Brian Gionta was drafted 82nd overall in 1998. Nathan Gerbe lasted until the 142nd selection in 2005. Martin St-Louis wasn’t drafted at all. Rocco Grimaldi isn’t bigger than any of those NHLers, but his impressive play this season means he’s bound to hear his name called during the first round at the draft.
The 5-foot-6, 161-pound center for Team USA was the star attraction for the national team development program this season. In 50 games, the pint-sized producer threw up 34 goals and 62 points, including 13 markers on the power play and five game-winners, leading his team in each of those categories.
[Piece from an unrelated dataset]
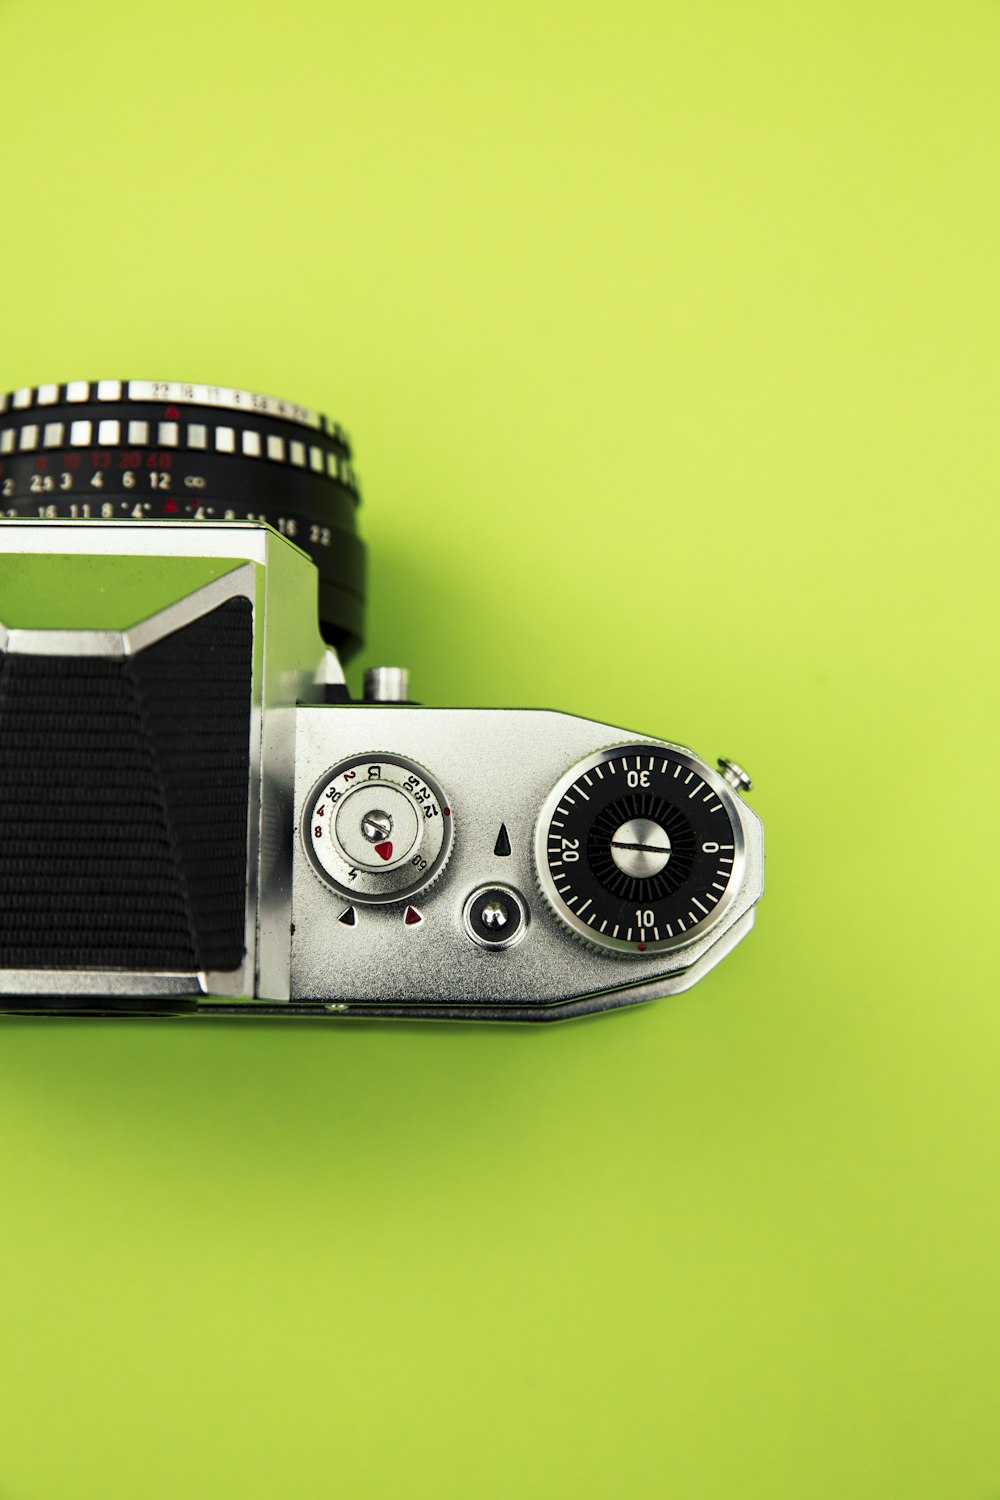 Fotocamera nera e argento su superficie verde

“In terms of offensive scoring opportunities and being a catalyst, he was a guy we could count on every night for a big goal,” said NTDP coach Ron Rolston. “He’s got dynamic speed and quickness. When he gets out of the blocks, he can be gone on you.”
This year, there’s a host of small players vying for attention at the 2011 draft, but Grimaldi is way ahead of the pack. One of the separating elements is the Team USA pivot isn’t afraid to mix it up along the boards and has a lot of strength in his compact frame. That has served him well in both the United States League and when the NTDP has played college teams, where players are often several years older and much bigger than the under-18s from Ann Arbor, Mich.
And while comparisons to other diminutive NHLers are inevitable, Grimaldi doesn’t see himself in that mold.
“I don’t want to be a carbon copy of someone,” he said. “I try to look at elements from different players: Sidney Crosby’s all-around game, Pavel Datsyuk’s hands and the leadership and defensive level of Ryan Kesler and Mike Richards.”
Growing up in Anaheim, Grimaldi came up through the California Wave program, which helped the state leap onto hockey’s grassroots map.
“It was good when we were younger,” Grimaldi said. “It was the age group one up from me that got it going and I was able to play up with them sometimes.”
That crew included 2010 first-rounders Beau Bennett and Emerson Etem, plus second-rounder Jason Zucker. But at age 12, Grimaldi moved to Michigan to play for an even more famous program, Detroit’s Little Caesar’s. That organization is owned by Red Wings head honcho Mike Illitch, which probably didn’t hurt the Californian’s decision to fly east.
“I’ve been a Red Wings fan all my life,” Grimaldi said. “I just love watching them; I love how they play puck possession.”
Another thing Grimaldi and his favorite NHL team have in common is professionalism.
“He’s very determined, very focused,” Rolston said. “Whether it’s in practice or weight training, he conducts himself like a pro.”
The coach noted his star pivot has been vocal this season, coming out of his shell more so than during his first year in the program. But Grimaldi’s enduring trait remains his workmanlike attitude and his low-key manner means he’s more likely to spend a night in than out when Team USA travels internationally.
The last sojourn ended as many have for the national team, with a gold medal at the World Under-18 Championship in Germany. Team USA bested Canada in the semifinal (after losing to the Canucks in a pre-tournament exhibition game) and that’s when Grimaldi’s height became a hot topic.
“The Canadians tried to chirp me,” he said. “I thought that was pretty funny.”
But that’s been Grimaldi’s story his whole life: proving to scouts and doubters that his big game is not restricted by his small frame.